**THE PROBLEM**
Starting at the line that contains "Scottish University Open" and stopping after the line that contains "283. Prof. Hsian-Rong Tseng 曾憲榮教授", transcribe the listing below exactly; do not include any pictures.

**EXTRACTED MATERIAL**

----------

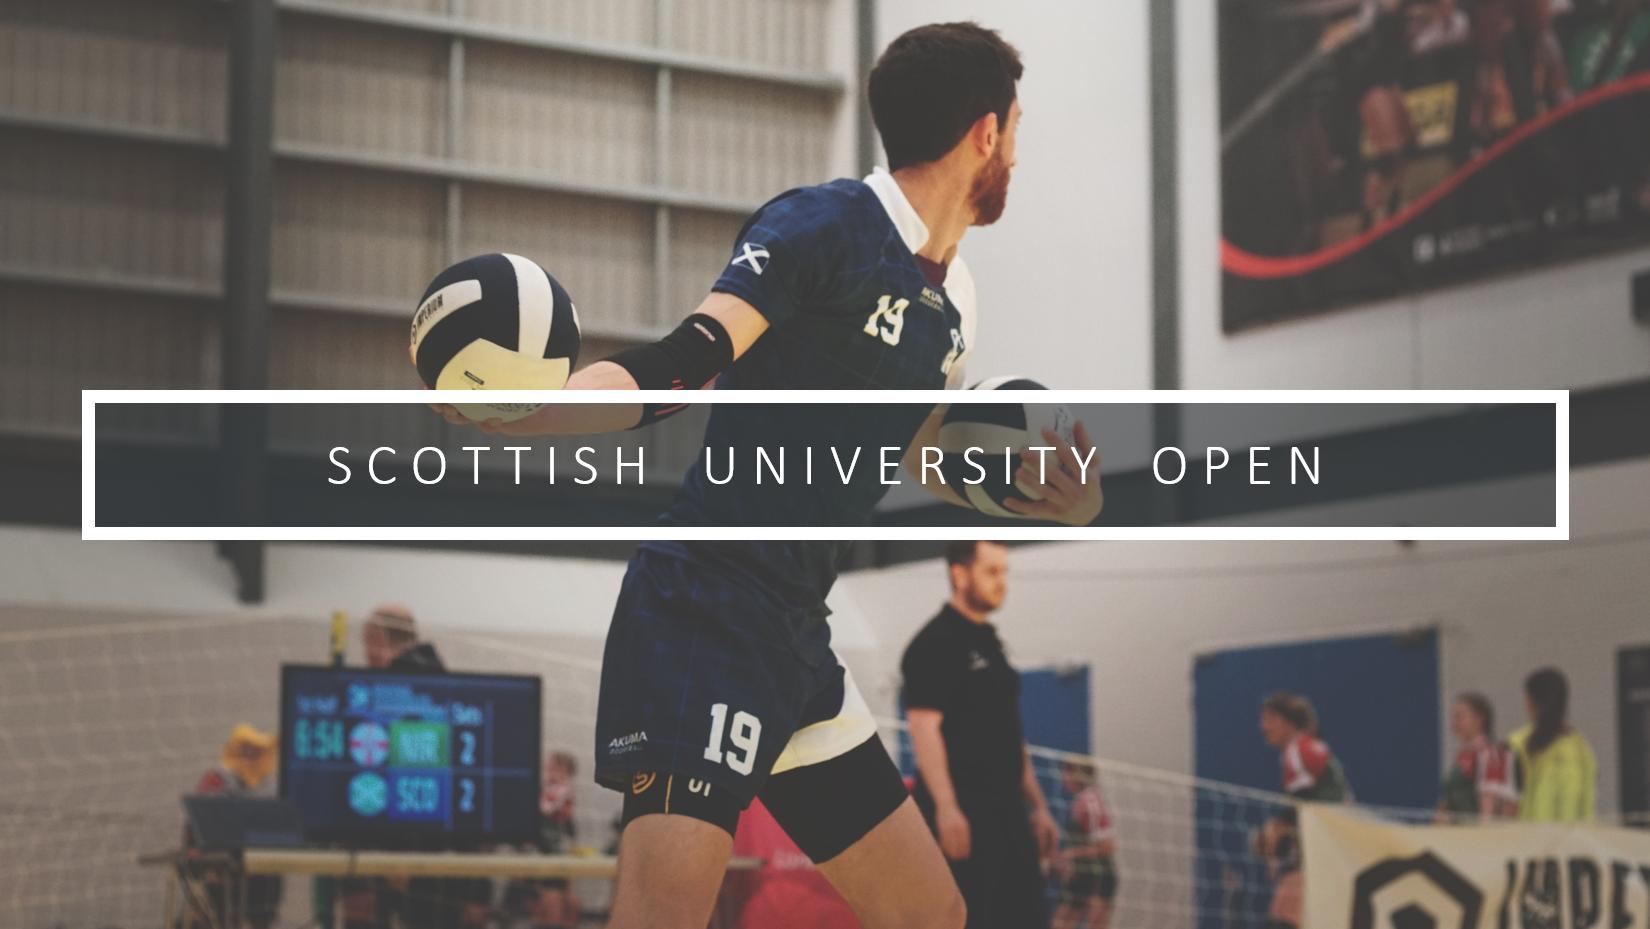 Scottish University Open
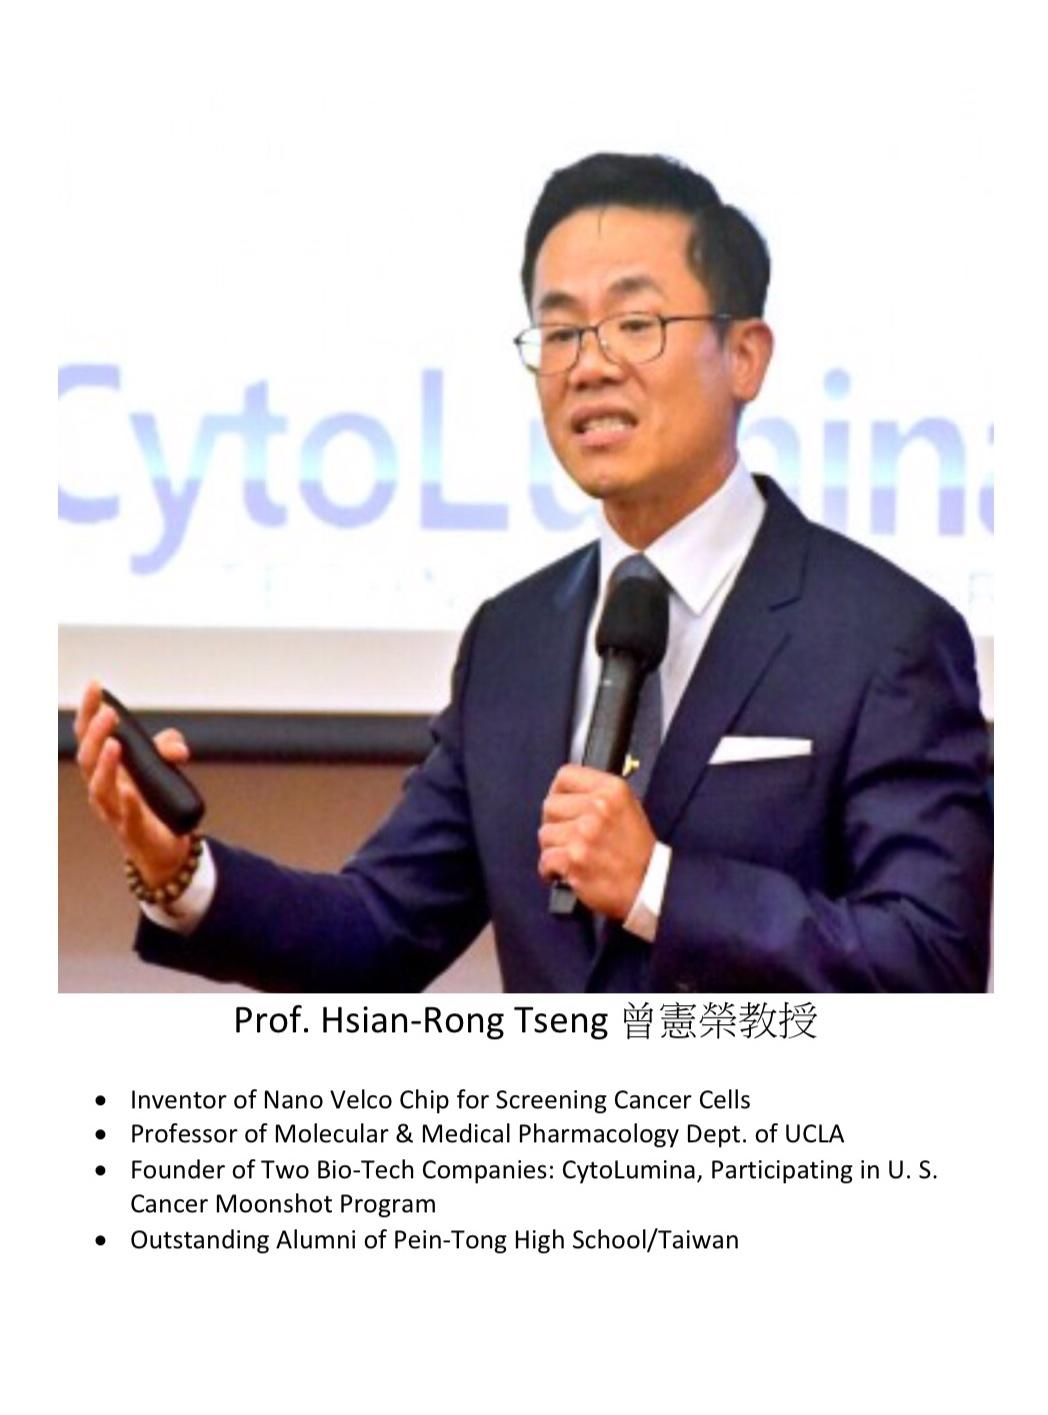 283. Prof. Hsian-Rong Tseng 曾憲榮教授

----------

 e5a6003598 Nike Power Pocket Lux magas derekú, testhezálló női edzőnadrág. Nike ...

----------

**RESPONSE TO THIS EXERCISE**
 Scottish University Open
 283. Prof. Hsian-Rong Tseng 曾憲榮教授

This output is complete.